(Source records)
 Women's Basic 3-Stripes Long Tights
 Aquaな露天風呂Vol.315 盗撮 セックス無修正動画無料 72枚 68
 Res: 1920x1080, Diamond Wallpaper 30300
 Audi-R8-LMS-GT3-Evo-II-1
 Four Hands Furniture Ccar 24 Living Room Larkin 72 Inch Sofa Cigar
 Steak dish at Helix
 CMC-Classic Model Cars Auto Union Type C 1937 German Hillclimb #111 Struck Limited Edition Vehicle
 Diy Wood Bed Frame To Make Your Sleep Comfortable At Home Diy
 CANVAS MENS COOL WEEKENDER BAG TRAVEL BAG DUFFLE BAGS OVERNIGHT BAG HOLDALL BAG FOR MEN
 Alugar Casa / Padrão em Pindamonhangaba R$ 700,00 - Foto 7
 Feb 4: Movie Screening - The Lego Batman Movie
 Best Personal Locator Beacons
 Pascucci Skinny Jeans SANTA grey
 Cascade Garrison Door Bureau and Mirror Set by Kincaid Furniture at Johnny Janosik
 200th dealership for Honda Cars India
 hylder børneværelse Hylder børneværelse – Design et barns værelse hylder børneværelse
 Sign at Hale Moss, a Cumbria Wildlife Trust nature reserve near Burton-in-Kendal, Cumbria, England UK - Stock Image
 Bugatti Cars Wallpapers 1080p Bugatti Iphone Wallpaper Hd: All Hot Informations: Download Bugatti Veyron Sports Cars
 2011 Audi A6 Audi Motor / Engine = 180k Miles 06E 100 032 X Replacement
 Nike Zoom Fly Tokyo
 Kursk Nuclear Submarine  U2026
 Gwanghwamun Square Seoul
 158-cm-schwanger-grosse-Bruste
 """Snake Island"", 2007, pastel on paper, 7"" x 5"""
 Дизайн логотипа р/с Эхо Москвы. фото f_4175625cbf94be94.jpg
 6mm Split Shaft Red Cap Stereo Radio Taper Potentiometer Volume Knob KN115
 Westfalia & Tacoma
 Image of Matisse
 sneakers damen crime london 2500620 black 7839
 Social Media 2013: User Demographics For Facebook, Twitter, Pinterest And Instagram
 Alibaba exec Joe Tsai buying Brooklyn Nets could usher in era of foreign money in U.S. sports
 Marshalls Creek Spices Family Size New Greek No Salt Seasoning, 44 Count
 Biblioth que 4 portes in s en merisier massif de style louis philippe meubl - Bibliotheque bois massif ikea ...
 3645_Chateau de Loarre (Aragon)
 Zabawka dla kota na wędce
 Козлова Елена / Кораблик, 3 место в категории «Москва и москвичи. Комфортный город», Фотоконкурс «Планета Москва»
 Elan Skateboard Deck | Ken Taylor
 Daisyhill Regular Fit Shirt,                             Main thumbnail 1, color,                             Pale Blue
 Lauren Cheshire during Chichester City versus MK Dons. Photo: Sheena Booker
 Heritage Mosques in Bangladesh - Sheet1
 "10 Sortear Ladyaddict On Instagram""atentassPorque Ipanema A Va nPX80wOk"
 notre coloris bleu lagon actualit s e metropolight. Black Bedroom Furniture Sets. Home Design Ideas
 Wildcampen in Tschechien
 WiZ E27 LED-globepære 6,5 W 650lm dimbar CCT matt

__Work item__. Across the entries above, find the lines with the string "Instagram" and copy them.

__Output__.
 Social Media 2013: User Demographics For Facebook, Twitter, Pinterest And Instagram
 "10 Sortear Ladyaddict On Instagram""atentassPorque Ipanema A Va nPX80wOk"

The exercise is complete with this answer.